When I grew up in Queens, New York, the local Diocese of Brooklyn made up its financial deficits the old fashioned way. It ran large-scale illegal gambling. Under the cover of legal “Las Vegas Nights,” parishes all across Queens would allow high-stakes poker games, week after week. I know, because my mother (sadly, a compulsive gambler) lost tens of thousands at them over the years, nearly destroying my family.  (My dad, a hardworking letter carrier, couldn’t keep up with the debts she ran up with small-time hoodlums.) Those poker games were clearly against the law. But friendly Irish cops would not enforce that law. In fact, they sometimes volunteered to serve as free security guards outside the doors. No doubt those cops thought that they were acting as “Catholics” before “Americans.”

I think we can agree that they were wrong. So was Bishop Francis Mugavero, who let his pastors rake in (collectively) tens of millions via such shenanigans.

Sanctuary Churches?

Likewise, bishops are wrong when they promise to use Catholic church facilities to frustrate the enforcement of U.S. immigration laws. But 24 U.S. bishops did just that in their recent Message from Modesto, sponsored by the Soros-funded quasi-Marxist organization PICO.

U.S. immigration laws are not unjust. What’s more, such laws are subject to change via democratic vote. Any time that bishops as citizens want to increase U.S. immigration quotas, they’re free to call their congressmen and urge them to vote that way. They are not free to flout those laws, override those quotas, and claim that the church has the right to offer “sanctuary” to lawbreakers.

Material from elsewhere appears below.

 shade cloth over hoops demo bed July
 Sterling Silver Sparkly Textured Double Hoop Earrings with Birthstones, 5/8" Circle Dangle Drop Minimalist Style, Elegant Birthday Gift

When it comes to abortion, the issue is different, because that law is clearly and without question completely unjust. Furthermore, judges snatched it out of the reach of realistic democratic change. So if bishops want to back Operation Rescue in peaceful demonstrations at abortion clinics, that seems reasonable, within limits.

But would we back bishops who went a good deal further — as far as some are going on immigration? Would we want bishops helping people to vandalize clinics? To produce phony documents that would close clinics down over trumped-up health violations? To hide pro-lifers who committed such crimes, so they couldn’t be prosecuted? At a certain point, backing a high principle doesn’t excuse aggressive attacks on law and public order. If that’s true on abortion, it certainly is on immigration.

Catholic First, American Second?

So let’s return to the question. Should U.S. Catholics see ourselves as “Catholics first, Americans second”? Yes, whenever:

  • The government attacks our religious liberty, as in the Obama administration’s efforts to make the Little Sisters of the Poor pay for abortion pills.
  • Our fellow Catholics in other countries are being persecuted, and the U.S. government is ignoring it, as in the ethnic cleansing of Christians from Iraq since 2003.
  • A law is unjust because it violates the “law of Nature” and of “Nature’s God,” such as laws permitting abortion or same-sex marriage.

It’s not true that we should act as “Catholics first” in other cases, for instance when:

  • The pope or our bishops exceed their authority on issues like climate change or immigration policy.
  • Those same authorities go way beyond their expertise to demand specific policies from our government, in the name of Catholic principles — which the church teaches it’s up to the laity, not the clergy, to implement.
  • Those leaders act or ask us to act as if Catholicism were some self-interested political tribe, rather than a world religion that claims to speak universal truth.

In other words, I wish more cops in Queens had said to pastors: “Er, no Father. I won’t work security for your illegal poker games. In fact, you’re under arrest.”